Going down The Keats Road



The Golden Triangle (Butleigh to the left)

In my previous post, Fecundity and Desire – a flirtation with the concept of a sadomasochistic landscape - I began ruminating about To Autumn before admonishing myself. DON’T GO DOWN THE KEATS ROAD! I wrote in my notebook.
But why ever not? To avoid kitsch and cliché, I suppose, but I like to think I’m cute enough to give the former a wide berth and, as a Latin Catholic, I think the former should be embraced, not eschewed. The more I thought about it, the more it made sense, even if I felt a little like Aragorn – or maybe Legolas – traversing the Paths of the Dead; would walking The Keats Road open a can of worms or a Pandora’s Box?
Well both, as it happens, but not until I’d entered The Golden Triangle.
Enough already! Let me explain.
My first port of call was obviously To Autumn, even though summer was fighting tooth and nail and to maintain its grip on the year. Fighting tooth and nail but not quite succeeding; it took a while for the mist to clear the Cathedral City and when it did the ‘swelling gourds’ and ‘fruit with ripeness to the core’ were all too evident. Summer had tucked her bat under arm and was heading back to the pavilion. 



Season of mists ...
But To Autumn isn’t just a sensual elegy to the passing of the year, it invokes a contested landscape; how you perceive it depends on whose side you’re on. Jerome McGann accuses Keats of deliberately ignoring the political landscape of 1819 - the poem is ‘an exercise in political reactionary’. Rather than addressing social and political unrest Keats devotes himself to ‘the idealised view of nature’. McGann’s criticisms have been refuted by, amongst others, Andrew Motion but he has a point. When academics start lamenting the decline of peasant rebellions in Latin America the prospect of any sort of rural revolution in the English countryside seems impossibly remote; in the deserted or Anglo-Saxonised villages of continental Europe, too. Does To Autumn give the middle classes permission to perpetuate this rural idyll, sanitised and made banal?

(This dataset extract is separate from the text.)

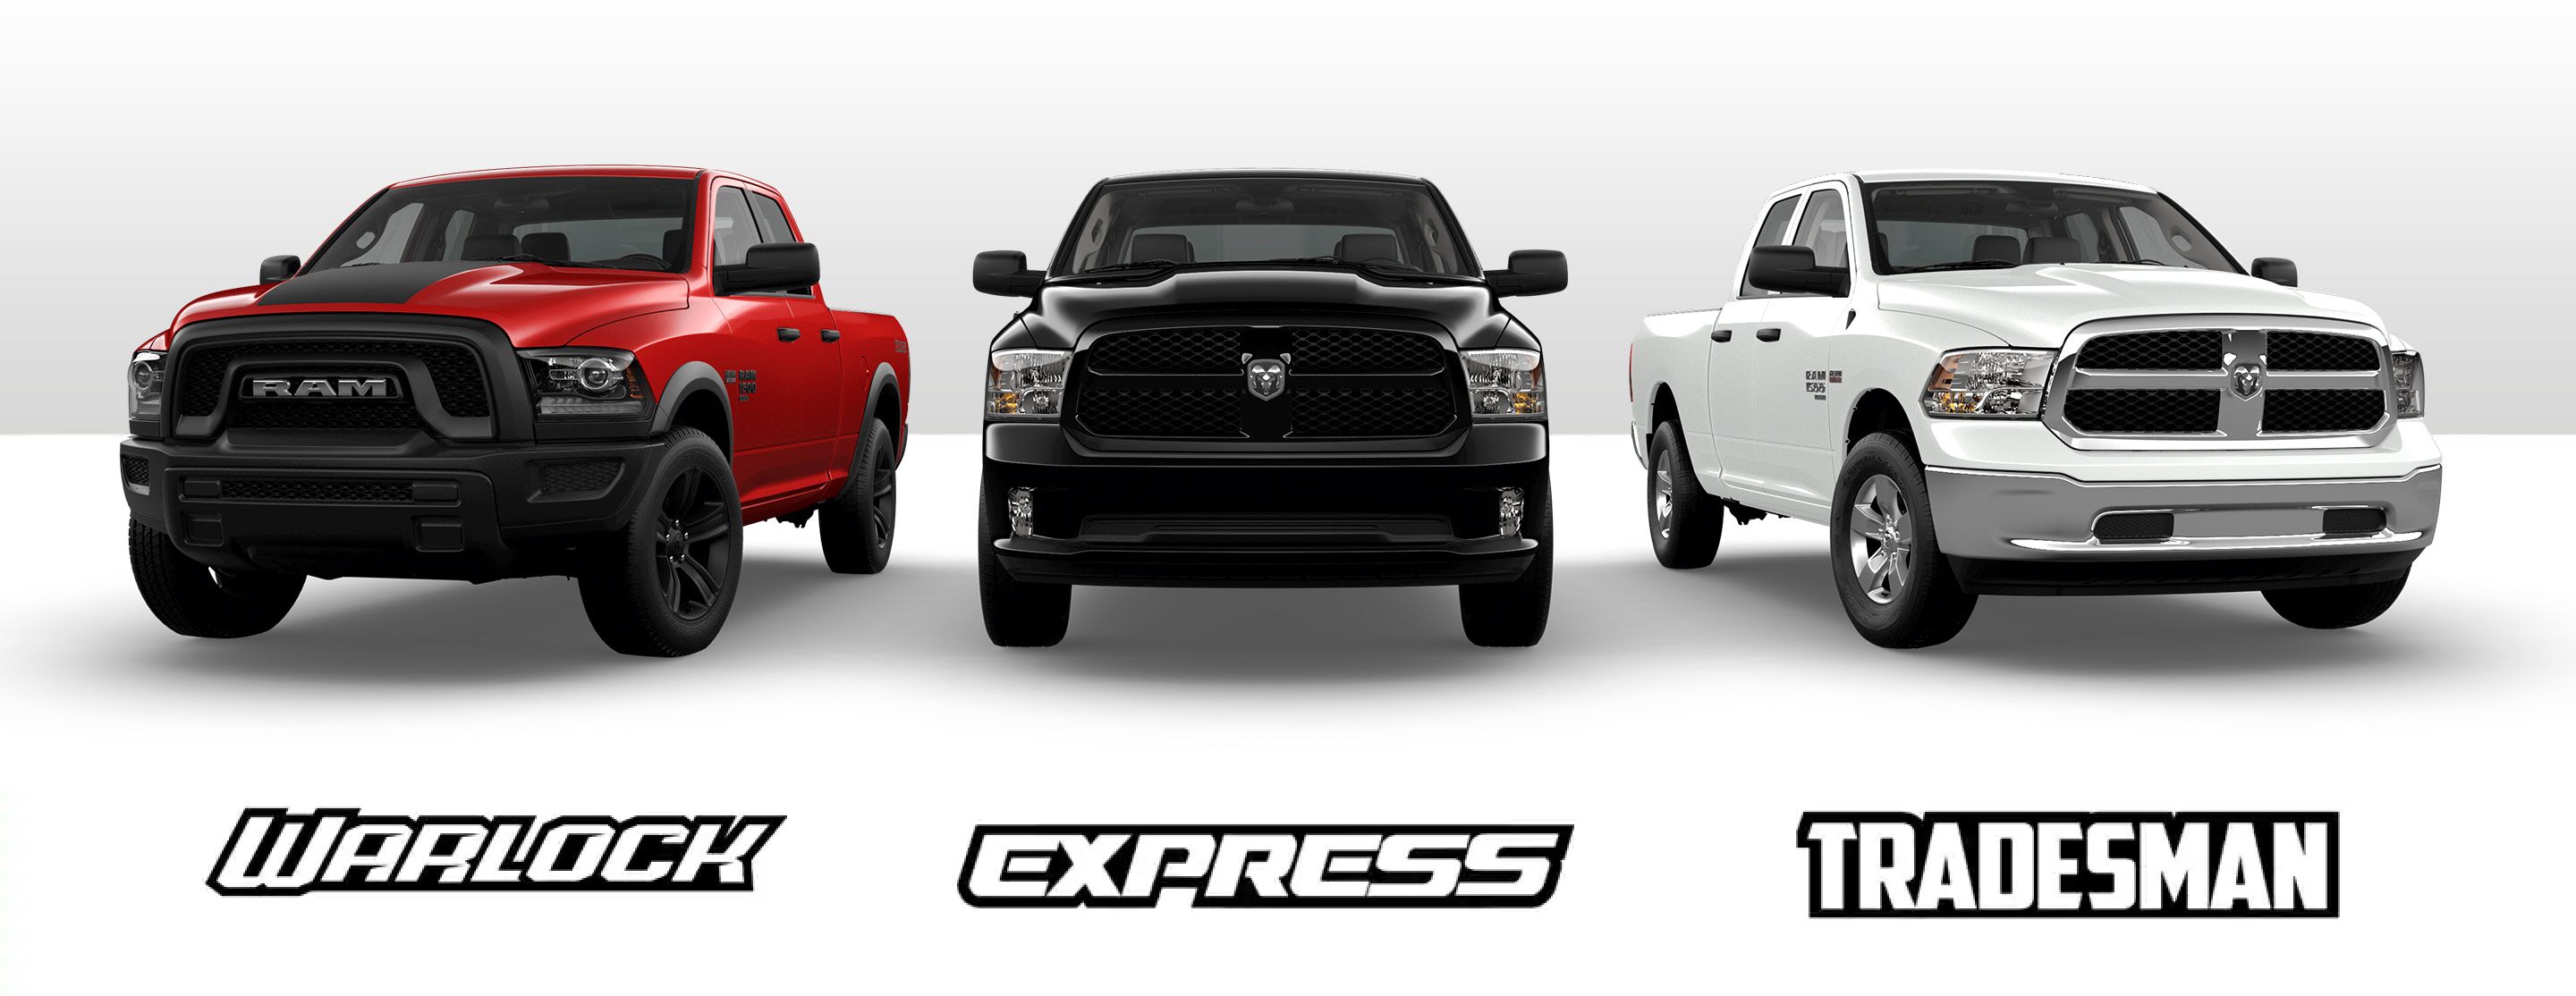 Una imagen deslizante que muestra tres de las versiones de la Ram 1500 Classic 2021: Warlock, Express y Tradesman.

... and mellow fruitfulness
As if by magic, the Keats Road led me to The Golden Triangle in search of an answer. The Golden Triangle, to the uninitiated, is a product of modern mythology, though I’m not sure whether Keats would have approved or not. Its points lie in the South Somerset villages of Butleigh, Barton St David and Baltonsborough, none of which, according to local hearsay, have ever possessed any sort of council housing. Its fame – or, perhaps, infamy – is enhanced – or exacerbated – by the influence of the £33,000-a-year Millfield School, sometimes mocked – perhaps unfairly - as an educational establishment for the ‘sporty but thick’. Academic prowess or no, its presence pushes up already-inflated house prices by another percentage point or no.
The result? A pastiche, in places, though not of Poundbury proportions; we must be thankful for small mercies. Somerset rural chic has a dynamic of its own, the peasant replaced, to a certain extent, by the artisan and the academic and a steady flow of creative refugees fleeing the capital. And now we have a Waitrose in Wells I expect to see more of them on my doorstep.
More of them on my doorstep. What on earth am I saying? I am one of them.
From agriculture to astrology: what would Keats say?
Whilst studying Geography and Landscape Studies at Weymouth University (aka Dorset Institute of Higher Education) back in the eighties, my best friend – then a dedicated Marxist - refused to enter stately homes and country houses because they effectively celebrated poverty, inequality and the abuse of power; he wanted them all pulled down. I wonder what he’d make of the Golden Triangle, the hovels of the peasantry now sought after by Guardianistas and neo Kulaks at inflated prices. I like them but then again, I tutor their children so I’m part of the same system. 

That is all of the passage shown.